The descriptions of the different hierachical names can be read here

TC1-I-A-D3:
  TC1-I-A-D3:
    TC1-I-A-D3:
      "14s006680-1-1": fastq/C53CYACXX_TC1-I-A-D3_14s006682-1-1_Sinkkonen_lane114s006682_sequence.txt.gz

TC1-H3K4-A-D3:
  TC1-H3K4-A-D3:
    TC1-H3K4-A-D3:
      "14s006647-1-1": fastq/C51C3ACXX_TC1-H3K4-A-D3_14s006647-1-1_Sinkkonen_lane514s006647_sequence.txt.gz

TC1-I-ST2-D0:
  TC1-I-ST2-D0:
    TC1-I-ST2-D0:
      "14s006677-1-1": fastq/C51C3ACXX_TC1-I-ST2-D0_14s006677-1-1_Sinkkonen_lane814s006677_sequence.txt.gz

TC1-H3K4-ST2-D0:
  TC1-H3K4-ST2-D0:
    TC1-H3K4-ST2-D0:
      "14s006644": fastq/C51C3ACXX_TC1-H3K4-ST2-D0_14s006644-1-1_Sinkkonen_lane514s006644_sequence.txt.gz

Perform the trimming / mapping

First use the option --dry-run to spot mistakes.

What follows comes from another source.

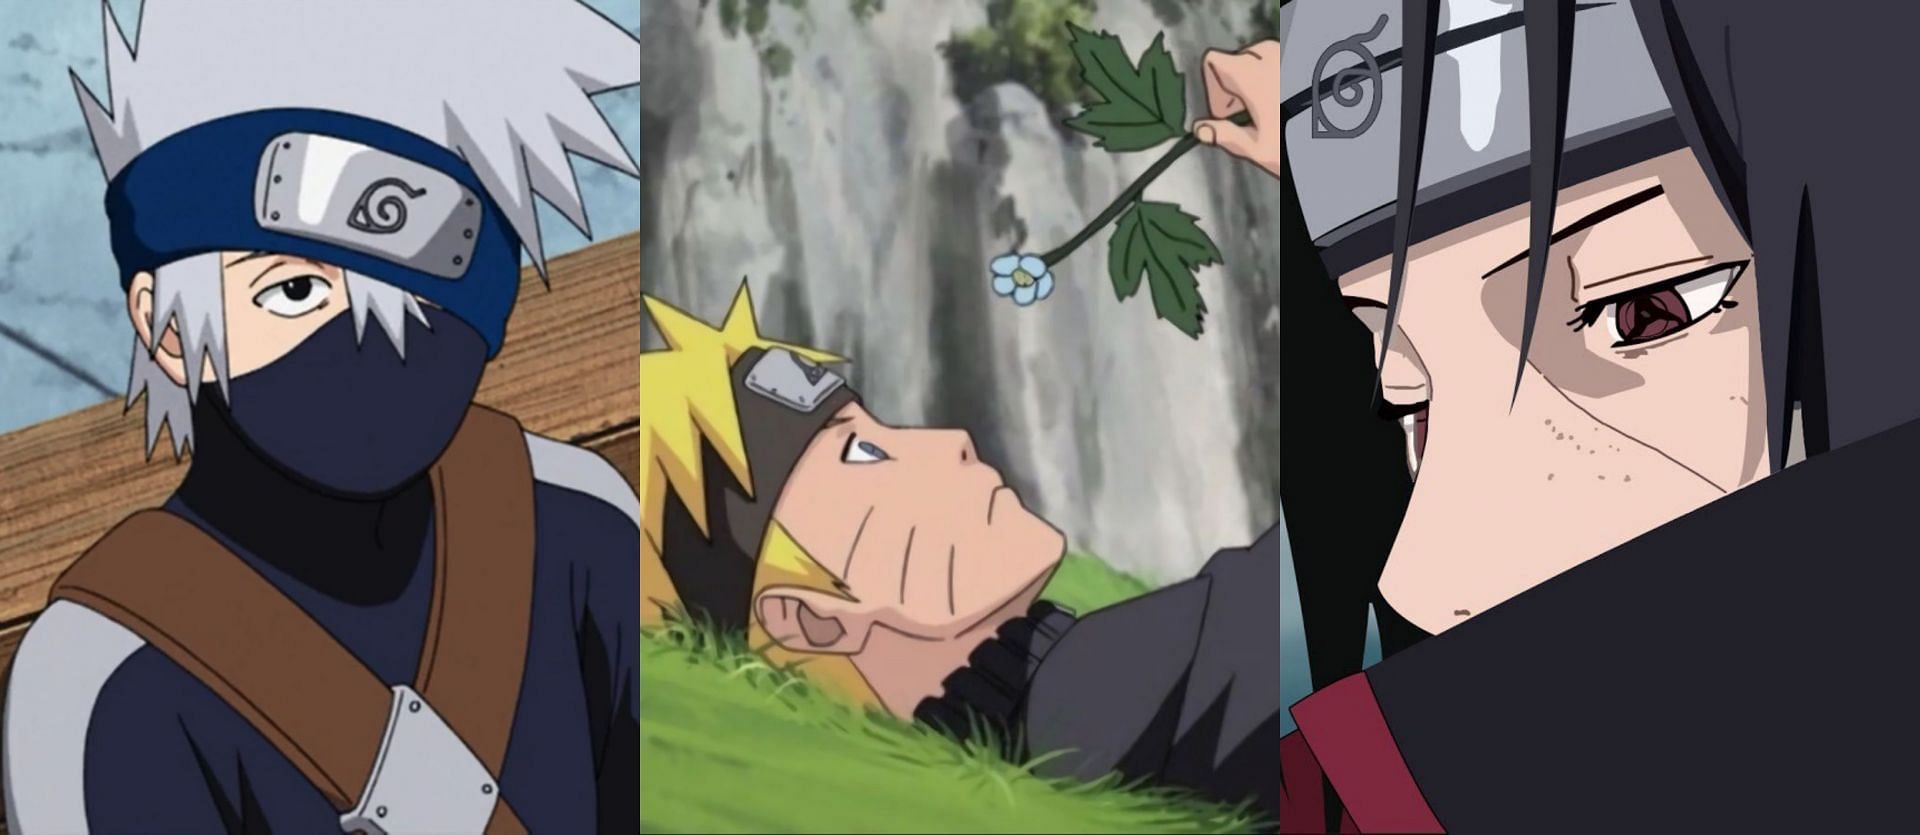 Naruto, Kakashi, and Itachi (Image via Studio Pierrot)

Please adapt the --max-threads option to the #cpus actually booked

paleomix bam_pipeline run --bwa-max-threads=2 --adapterremoval-max-threads=2 --max-threads=8 --dry-run mouse.yaml

when all green lights are on, remove the dry-run and perform the mapping.

correct the makefile

the trimming should go well, but an error arises because you cannot write to the reference folder.

  • symbolic links in your own folder, removing the file that should be created if the ref is correct
mkdir references
ln -s /scratch/users/aginolhac/chip-seq/references/chr19.fasta references/
  • correct the makefile, so the Path is relative now
    Path: references/chr19.fasta
  • enjoy paleomix by just re-running it, only necessary steps are done (validatating the ref, indexing it and mappings)
paleomix bam_pipeline run --bwa-max-threads=2 --adapterremoval-max-threads=2 --max-threads=8 mouse.yaml

the whole process should takes ~ 25 minutes with 8 cores

check trimming

First of all, check using fastqc that the trimming did remove the adapters that were contaminated the reads.

Again, with parallel specify the max number of jobs with the option -j to fit the #cpus booked

find . -name "reads.truncated.gz" | parallel -j 8 "fastqc {}" &

using the character & tells the shell that we want the processes to run in the background. Meaning that you can still run more things while the 4 tasks are running. Check them using htop.

check especially, the input for ST2, day0 before and after trimming. Did it solve the issue with adapters?

truncated read files are all named the same. And they are located into a deeper folder structure. To rename them all with their ids and move them at the ~/chip-seq/ level, you can run the following:

find -name "reads.truncated.gz" |  xargs ls -1 | awk '{split($1, path, "/");  system("mv "$0 " "path[3] "_" path[6])}'

filter for unique reads

Uniqueness of reads refers to mappability. The fewer locations a read has in a genome, the higher is mappability will be. A common filter is to use 30 as a threshold for filtering reads. Filter them in parallel

parallel "samtools view -b -q 30 {} > {.}.q30.bam" ::: *.bam

Since we are using only the chr19 for this tutorial, do you think the mappability score is correct? Why?

filter for duplicates?

Duplication is a bias that comes from PCR amplification. Reads then stack at the same location and create artificial high depth of coverage. Duplicates have an unclear definition in a mapped file. Usually, single-end reads that are mapped at the same 5' end are considered as duplicates. External coordinates are used for paired-end reads.
For regular NGS, filtering for duplicates is mandatory. However, for ChIP-seq since the reads are, by nature, clustered at one location this is not recommended. If duplication is observed at the reads level, such as in fastqc output, then filtering may be necessary. Marking duplicates allow keeping track of them without losing them.